Selasa, 12 Januari 2010

JADI KAMERAMEN

Jadi kameramen

Kameramen atau yang biasa disebut tukang shooting oleh orang desa, adalah orang yang tudanya menyoting. Atau mengambil gambar. Atau tukang dokumentasi. Atau dokumentator. Atau orang kurang kerjaan yang sengaja nyari uang karena nggak ada pekerjaan. Atau mahasiswa yang nggak lulus lulus seperti aku.

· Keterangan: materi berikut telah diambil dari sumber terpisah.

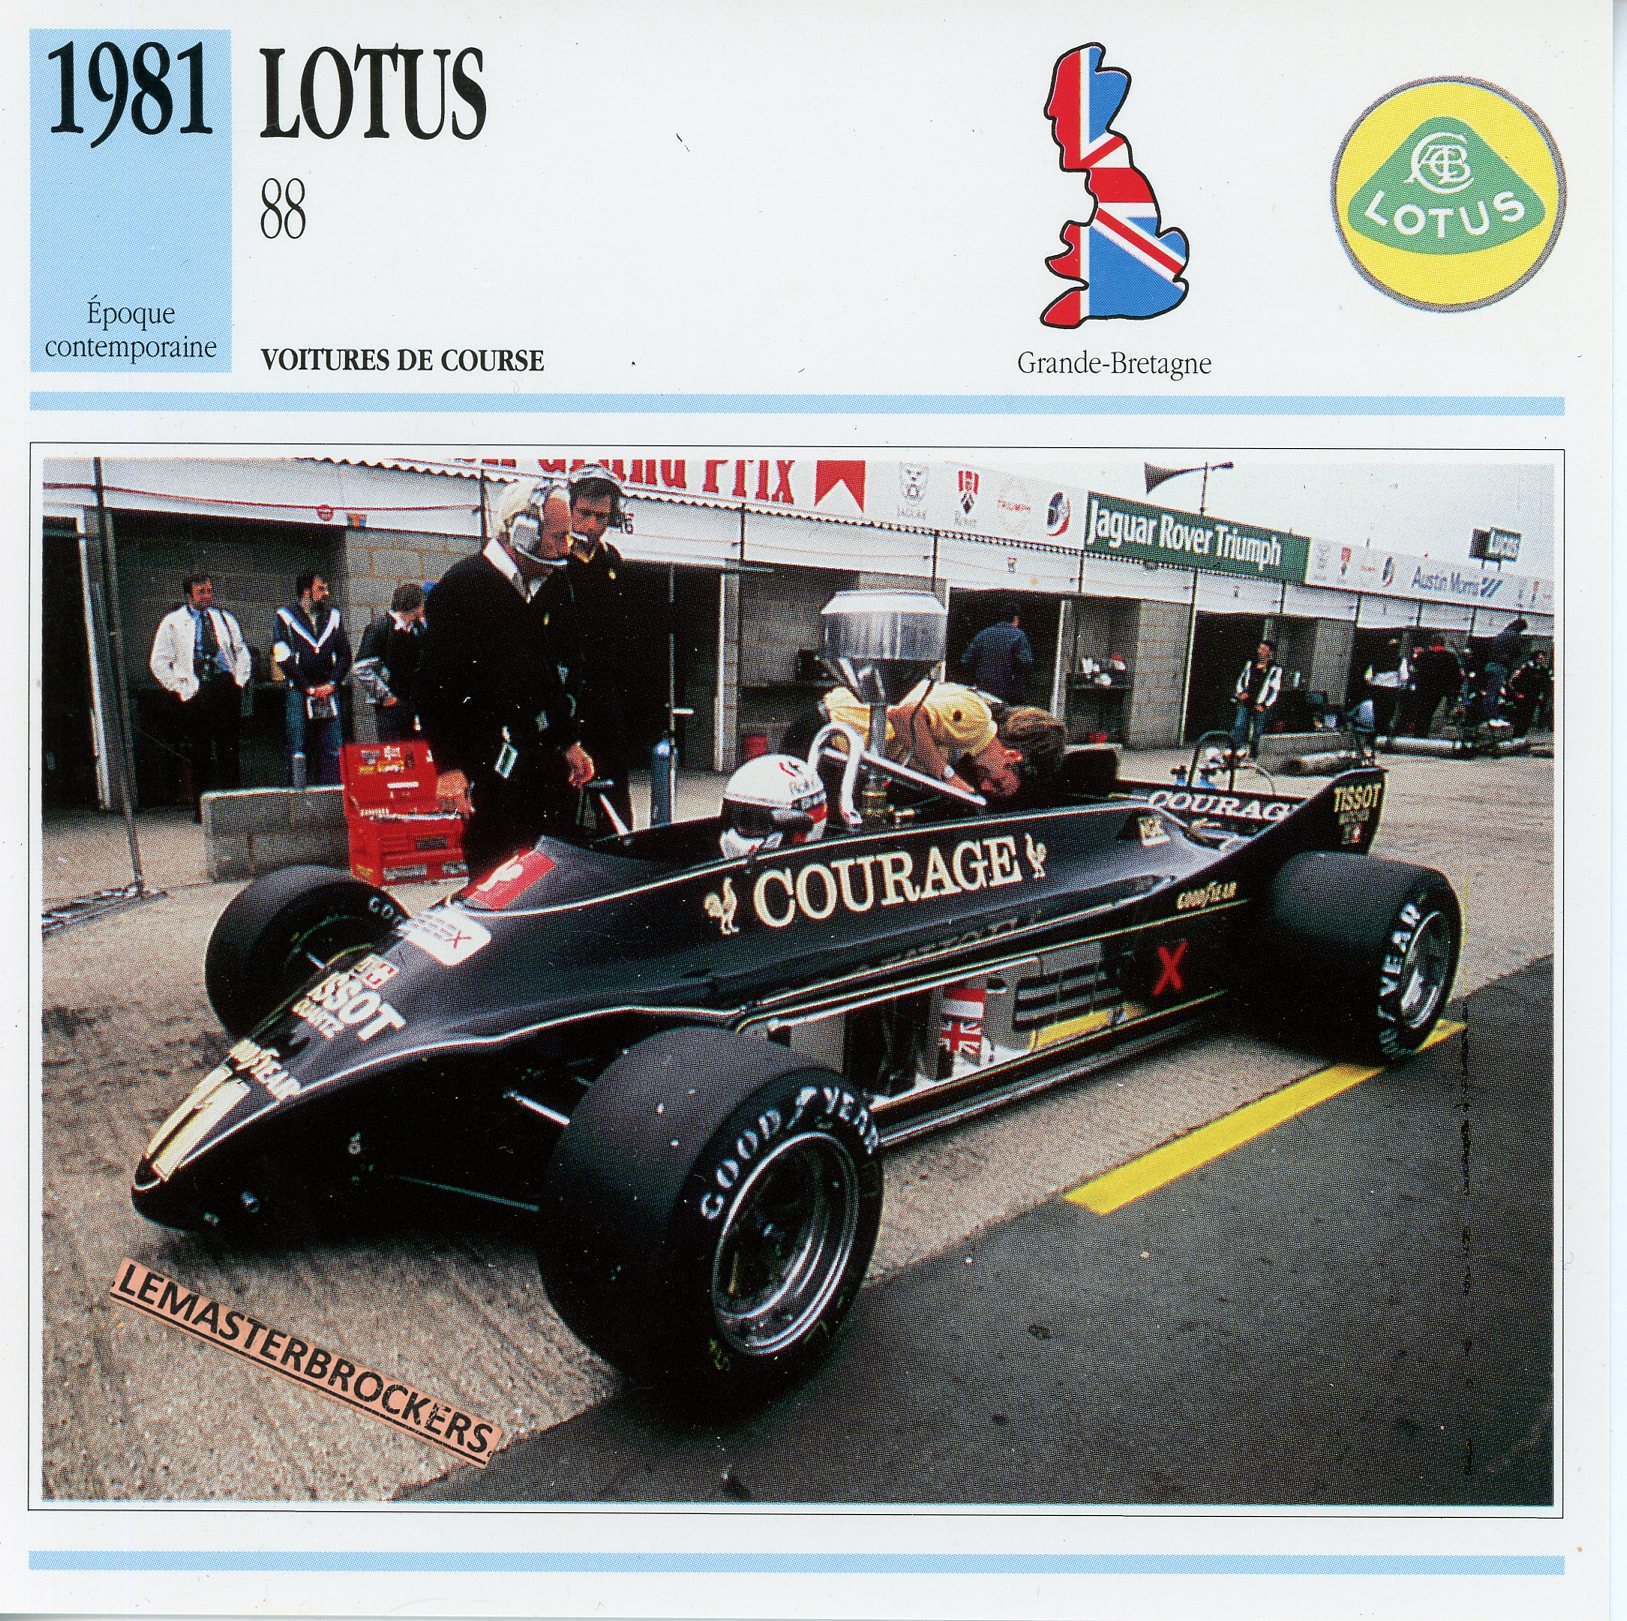 LOTUS-80-F1-1981-FICHE-AUTO-ATLAS-LEMASTERBROCKERS

Tadi pagi, sekitar jam 7 sampai jam 9, yang berarti hari Selasa 12 januari 2010, aku sempat jadi kameramen. Dimintai bantuan seorang teman UNS, anak FKIP jurusan pendiikan luar biasa. Aku berada di satu yayasan yang mengelola anak-anak luar biasa. Entah apa makna kata luar biasa disini. Mungkin anak atau cucu para superhero sekolah disini. Atau keturunan para Ksatria dari Jawa yang sakti mandraguna.

Wateper. Aku lebih memilih menjalankan tugasku dengan sebaik-baiknya. Jadi mesin. Jadi robot. Karena setahuku ada beberapa peraturan yang tak pernah ditulis untuk jadi kameramen.

1. Harus bisa mengatur nafas dengan baik. Apalagi untuk orang-orang amatir seperti aku. Jangan sampai hasil rekamannya nanti berisi deru nafas.

2. Tenang. Sabar. Karena dua hal ini bisa mengurangi guncangan. Gambar bisa sedikit bagus. Sedikit.

3. Pergelangan tangan harus kuat. Apalagi untuk kameramen miskin seperti aku. Tidak ada tripot. Maka gunakanlah alat seadanya. Ada meja, pakai meja. Ada kursi, pakai kursi. Tak ada semuanya, pakai saja tubuhmu.

4. Jangan banyak memainkan zoom, karena gambar bisa tidak enak dilihat.

Tapi tadi pagi aku melanggar itu semua. Aku terfokus pada manusia-manusia ajaib kekasih para Tuhan. Ada yang selalu bersholawat. Ada juga yang galaknya minta ampun. Tapi satu hal yang pasti mereka menjalani hidup ini penuh dengan ketulusan.

Terkadang enak juga sekolah disana. Sekolahnya bebas. Tak banyak aturan. Jika tak banyak aturan mungkin juga tak banyak pelanggaran. Lho ini kan mau ngomong soal kameramen?